Now, making the function accept any iterable, I would use something along the lines of the second version this will be closer to my final proposition that will raise StopIteration if there is not enough elements instead of silently returning None ("Errors should never pass silently."). But applying both suggestions would lead to:

def nth_term(iterable, n):
    """Returns the nth term of any iterable."""
    for i, x in enumerate(iterable):
        if i == n:
            return x

or

def nth_term(iterable, n):
    """Returns the nth term of any iterable."""
    x = iter(iterable)
    for i in range(n):
        next(x)
    return next(x)

Now, instead of manually calling next on the iterator in the second version, I would ask zip to do it for me. Chances are that the execution will spend less time in the Python interpreter and more in the C part of zip and so be faster:

def nth_term(iterable, n):
    """Returns the nth term of any iterable."""
    iterator = iter(iterable)
    for _ in zip(range(n), iterator):
        pass
    return next(iterator)

Lastly, I would use existing tools to perform the iteration for me: itertools.islice is exactly what we need. In fact, your very function is already listed in the itertools recipes:

def nth(iterable, n, default=None):
    "Returns the nth item or a default value"
    return next(islice(iterable, n, None), default)

I would however remove the default value, especially in the case of an infinite iterable:

def nth(iterable, n):
    "Returns the nth item or raise StopIteration"
    return next(islice(iterable, n, None))

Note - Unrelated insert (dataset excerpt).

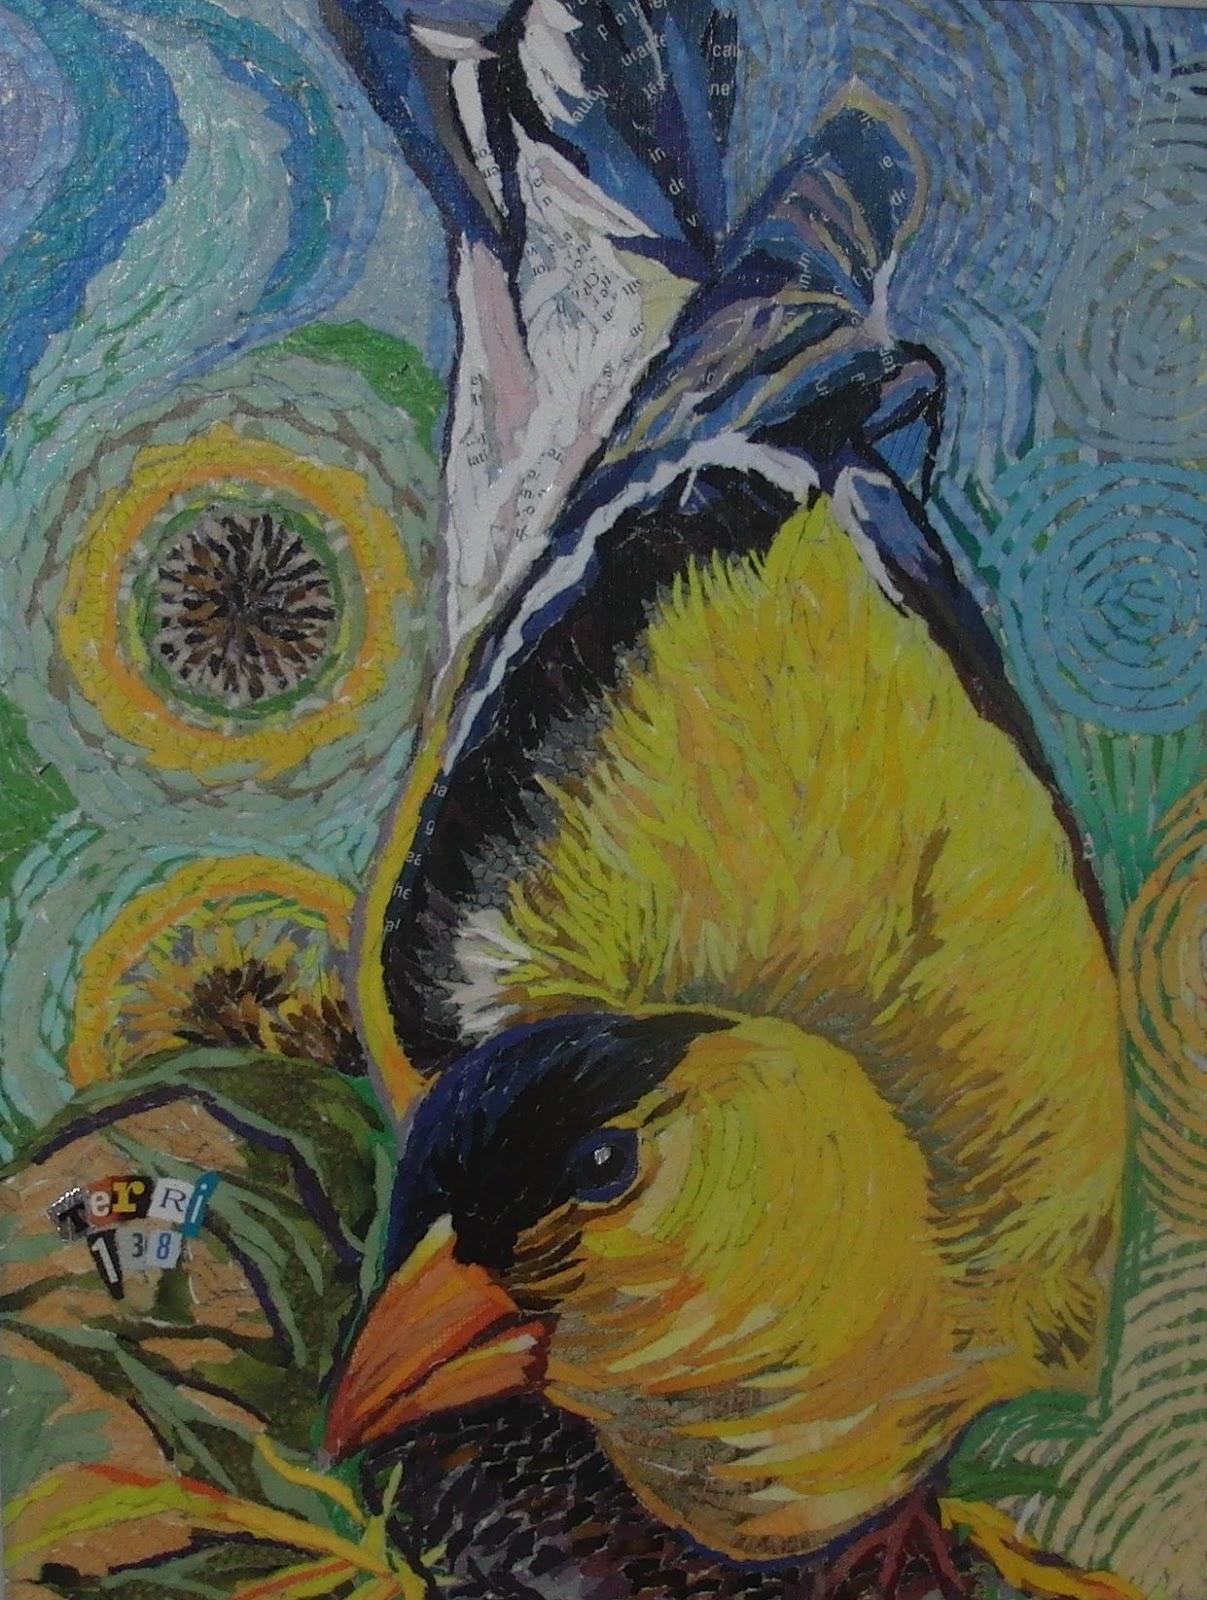 http://1.bp.blogspot.com/-u8eD5rbbaTY/UIpwwzK_weI/AAAAAAAAAdM/UtQy1_Ck-yE/s1600/Yellow+bird.jpg

A completely unrelated note, but I would move the yield x at the beginning of the loop in triangle_stream so that you don't have to write it twice:

def triangle_stream():
    """ Infinite stream of triangle numbers. """
    x = step = 1
    while True:
        yield x
        step += 1
        x += step

And since step starts at 1, and never stop incrementing one by one, I would use itertools.count(1):

def triangle_stream():
    """ Infinite stream of triangle numbers. """
    x = 0
    for step in itertools.count(1):
        x += step
        yield x

Now triangle_stream only accumulates values from itertools.count(1), well time to make use of itertools.accumulate:

def triangle_stream():
    """ Infinite stream of triangle numbers. """
    return itertools.accumulate(itertools.count(1))

or, to make it more obvious that you get a generator by calling triangle_stream:

def triangle_stream():
    """ Infinite stream of triangle numbers. """
    yield from itertools.accumulate(itertools.count(1))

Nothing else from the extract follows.